Normally, I hate travel books.
I know, I know. I can hear a lot of you saying: Now wait just a minute! What’s wrong with travel logs? Well, in my opinion, they’re boring, dull and quite often have as much life to them as a day old piece of toast.
So I will admit that I was a bit weary of Accidental Enlightenment at first. A travel book AND a self help manual? How could such a thing be possible? I opened the cover to the first page and was prepared to be sceptical of anything and everything in the book. To my chagrin, however, I was charmed and, oddly enough, enlightened.
From the preface (where Banick makes his own comments about travel books) to the very last page, Accidental Enlightenment was a complete and utter joy.
Imagine, if you will, being discontent with your lot in life. You wonder where you’re going, what you’re meant to be doing. Are the answers to your questions to be found inside you, or out in the real world? After being offered a high powered job at a software company, Banick decides to drive instead of fly to his destination. This choice starts him on a journey that will change his life.
Along the way, Banick picks up hitch hikers and learns, for the first time, to really talk to people honestly. But more importantly, he learns to listen.
When he finally arrives at his job, he’s able to listen to his heart and he knows that his heart and soul aren’t in the job; that he no longer wanted the confining walls of an office building.
So than what is a man to do? Banick decides to continue the travels he started with that innocent road trip and, like so many before him, go exploring. But what he explores is different from so many others.
While he travels across many different lands and places in Canada, the United States and countries all over the world, what Banick explores is the different cultures he encounters, the different people.
And still he listens. While he listens, Banick learns and begins to discover things about himself he never thought possible. By listening and learning about others, he learns hidden truths about himself that shake his world and reform it into something wonderful….

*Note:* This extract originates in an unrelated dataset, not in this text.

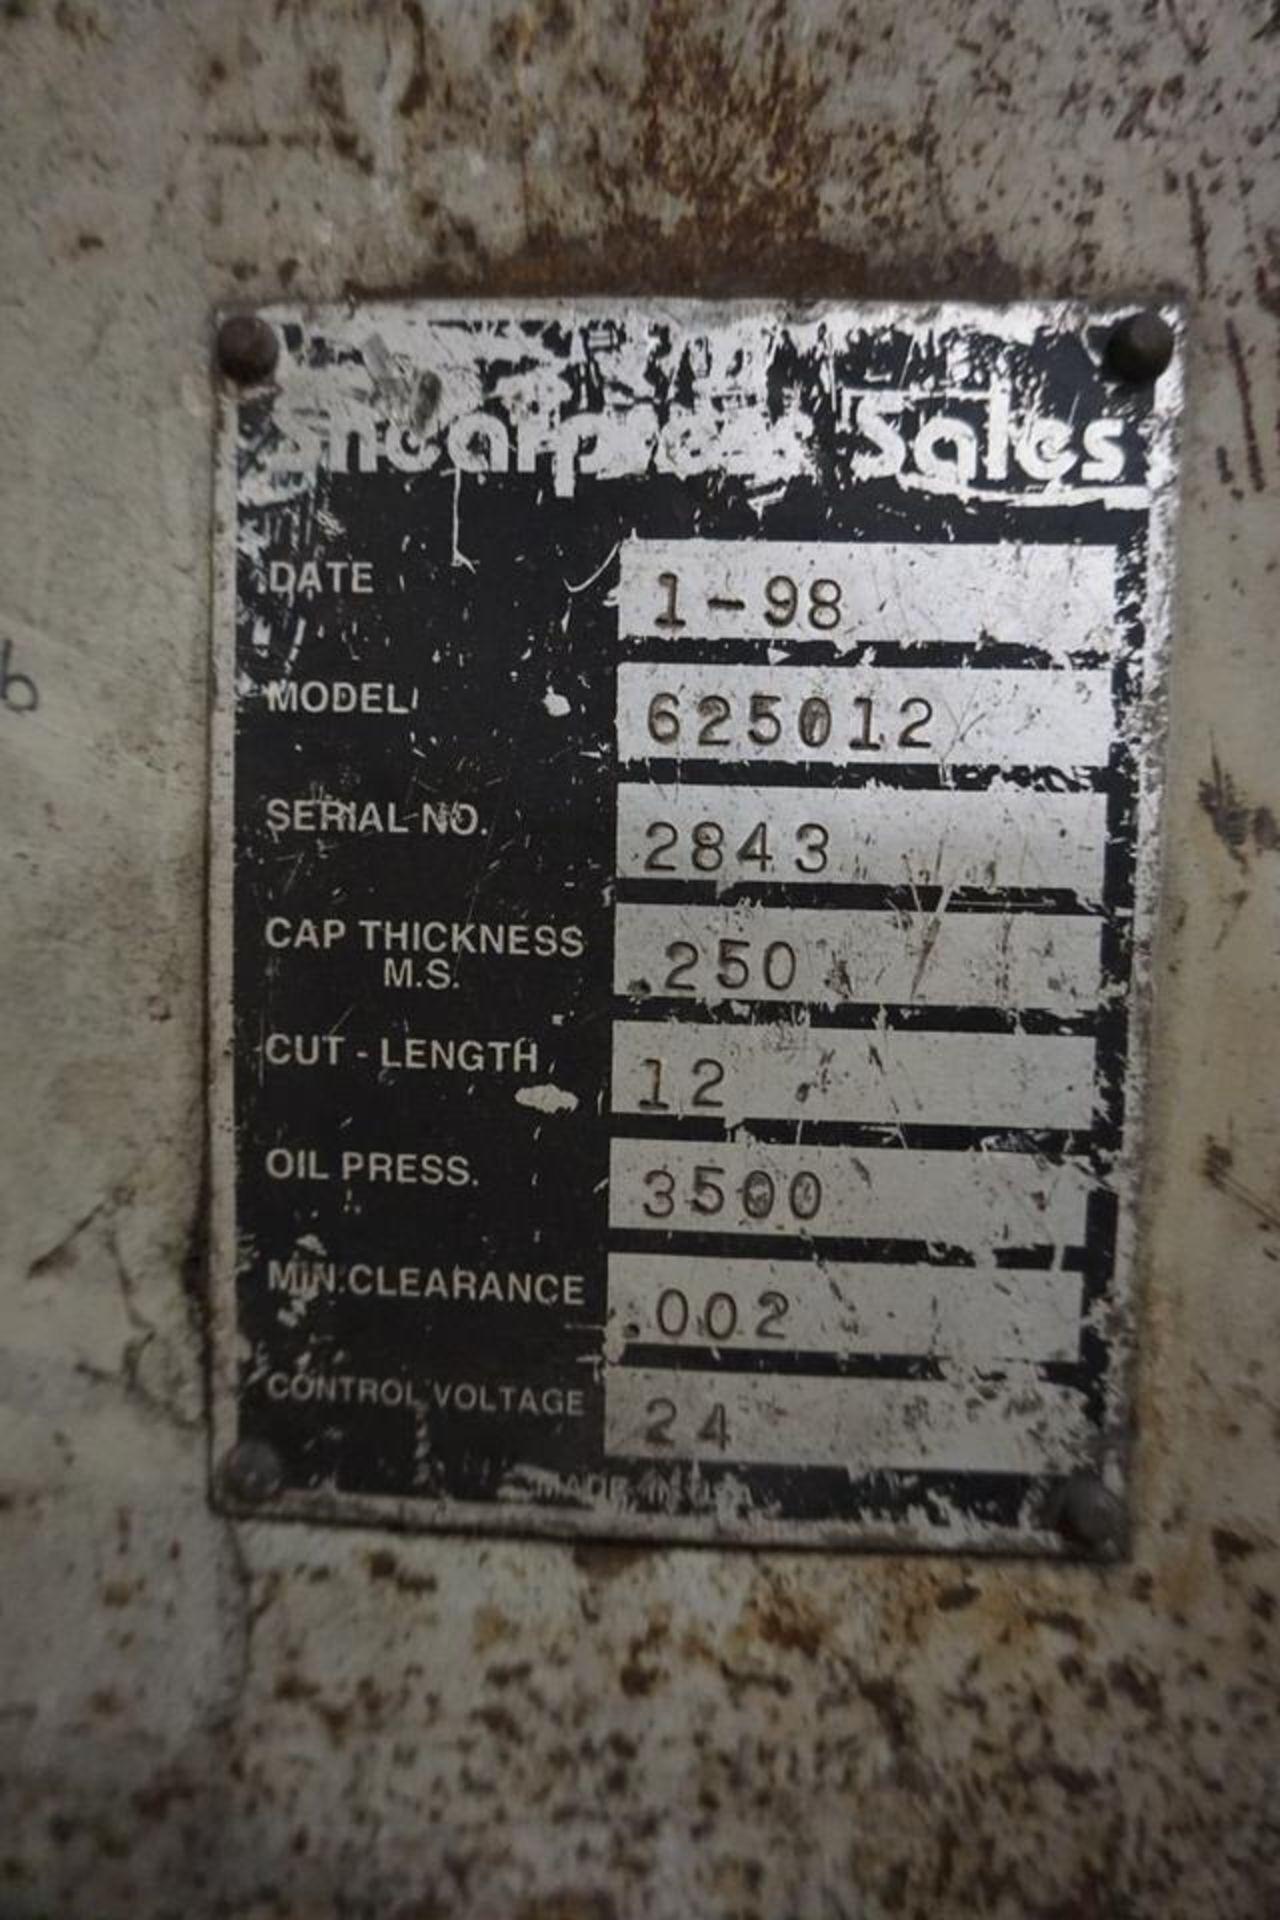 "Lot 1 - 1/4"" X 12' ACCURSHEAR 625012 Power Squaring Shear"
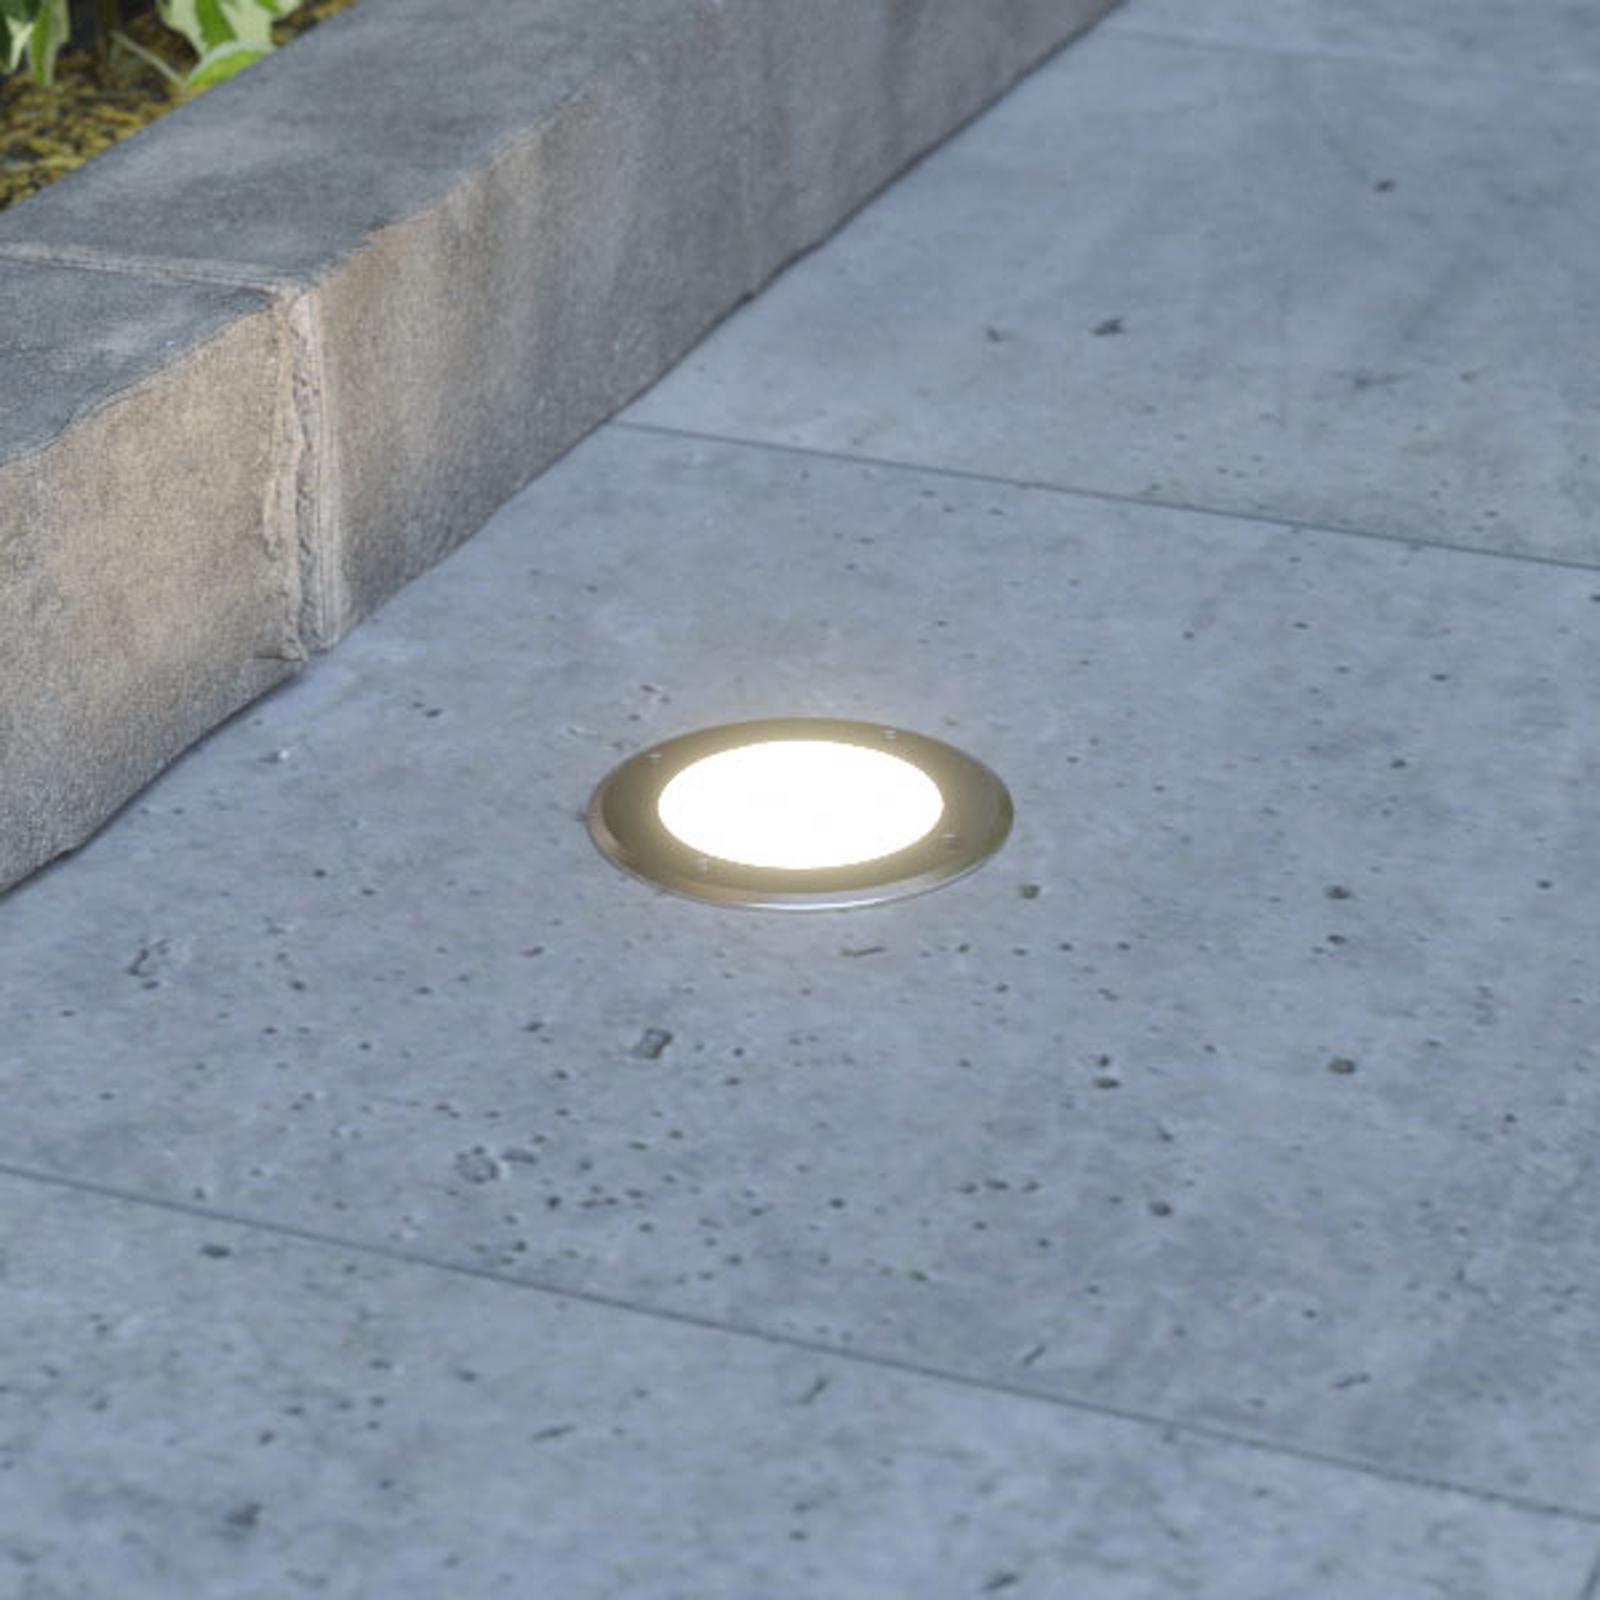 Lampada LED rotonda da interrare Doris, acciaio

Accidental Enlightenment is an amazing book from start to finish. My small summarization of the plot does not even come close to describing the wonders that Banick encounters in his fellow human beings. Humanity and the world around him are present in all of Banick’s words and I believe that this is what is missing from so many other travel books.
While other authors give us an account of what they saw, Banick gives us an account of what he felt, what he sees and hears. We are with him on his many travels, breathing in the truths of others. What is so incredible about this book are the truths, the tid bits of wisdom and knowledge that you pick up while reading it.
I found myself quite often reading what I thought was a simple conversation only to have parts of what I read come back to me later once they had sunk in. The truths, the power of the human spirit, is right there; we just have to keep our eyes open while reading.
Banick’s approach is fun, simple and light. It’s never preachy, never heavy handed and as we learn about Banick’s discoveries we can’t help but learn about ourselves. Accidental Enlightenment is an absolute joy. Banick should be applauded for sharing his journey’s with us. For as the world changed him, he has changed me and my view of the world around me.
This is an incredible book and I know I won’t ever look at my surroundings in the same way again.